Desktop support has evolved dramatically in recent years. From virtualization and remote desktop control, to the rise of SWAT teams and staff augmentation, most desktop support organizations bear no resemblance to their predecessors. In this webcast, you’ll receive industry data that illustrates key trends in desktop support. Jeff Rumburg will reveal the underlying drivers of these trends and their implications for the future of desktop support, including what today’s KPIs tell us about the future, the impact on people, process, and technology, and how to position desktop support for future success.
The ROI of Benchmarking

The ROI of Benchmarking Return on Investment (ROI) is one of the most common and important measures of financial performance in the business world. It is the ultimate measure of success for any business. Most companies, business units, and departments track ROI on an ongoing basis, and use this metric not only to make intelligent business decisions, but to justify their very existence.

Like any good business decision, benchmarking should be undertaken with the expectation that it will produce a positive ROI. Thankfully, it is relatively easy to make the business case for benchmarking, and as a veteran of more than 4,000 IT service and support benchmarks, I have plenty of data to back that claim up. The ROI of benchmarking includes both hard benefits, such as cost savings and improved user productivity, as well as soft benefits such as improved customer satisfaction.. Learn MorePlace article copy here. Be sure to make the articles short and concise as people tend not to read much more than a couple of paragraphs.

The ROI of Benchmarking

The ROI of Benchmarking Return on Investment (ROI) is one of the most common and important measures of financial performance in the business world. It is the ultimate measure of success for any business. Most companies, business units, and departments track ROI on an ongoing basis, and use this metric not only to make intelligent business decisions, but to justify their very existence.
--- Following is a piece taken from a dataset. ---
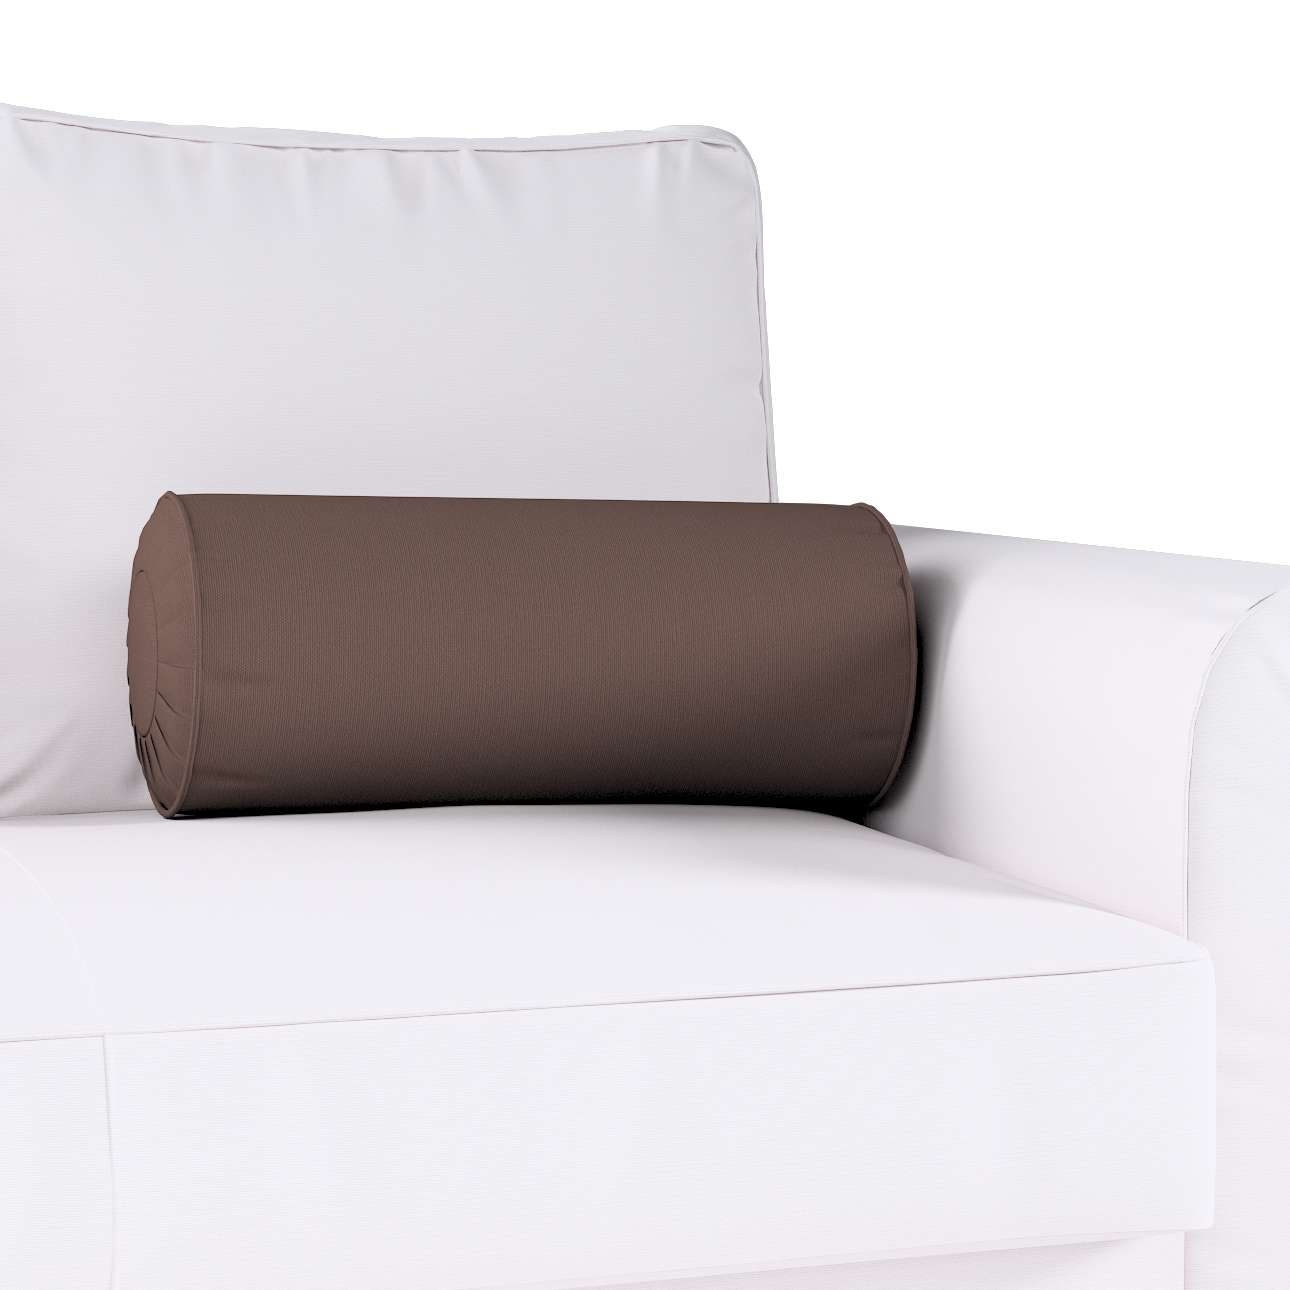 Nackkudde - pliserad kant Ø 20 × 50 cm i kollektionen Panama Cotton , Tyg: 702-03
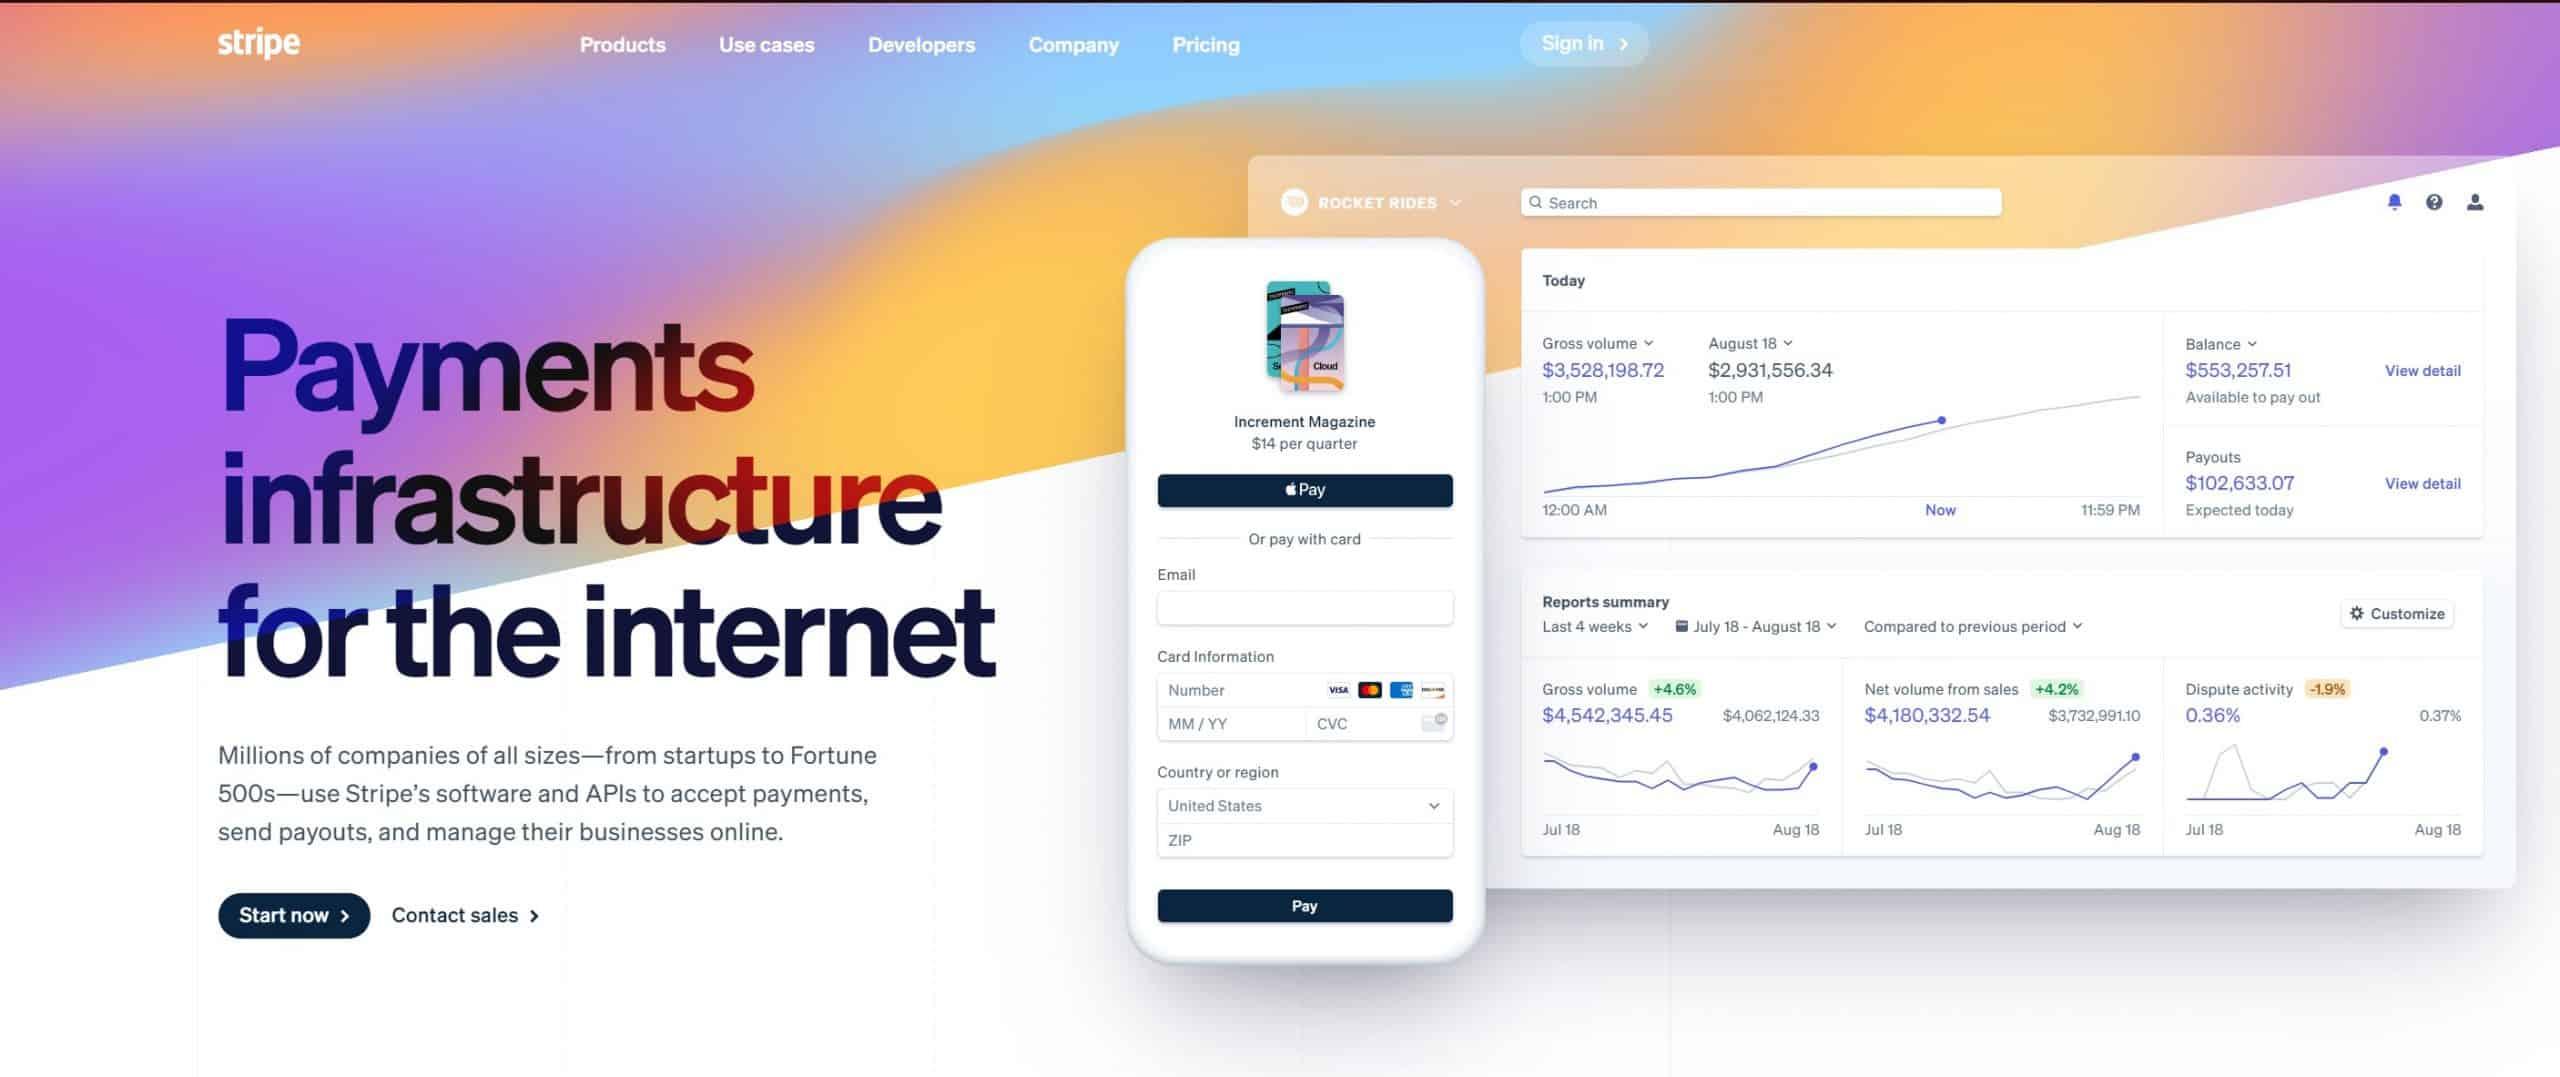 Stripe website screenshot

Like any good business decision, benchmarking should be undertaken with the expectation that it will produce a positive ROI. Thankfully, it is relatively easy to make the business case for benchmarking, and as a veteran of more than 4,000 IT service and support benchmarks, I have plenty of data to back that claim up. The ROI of benchmarking includes both hard benefits, such as cost savings and improved user productivity, as well as soft benefits such as improved customer satisfaction.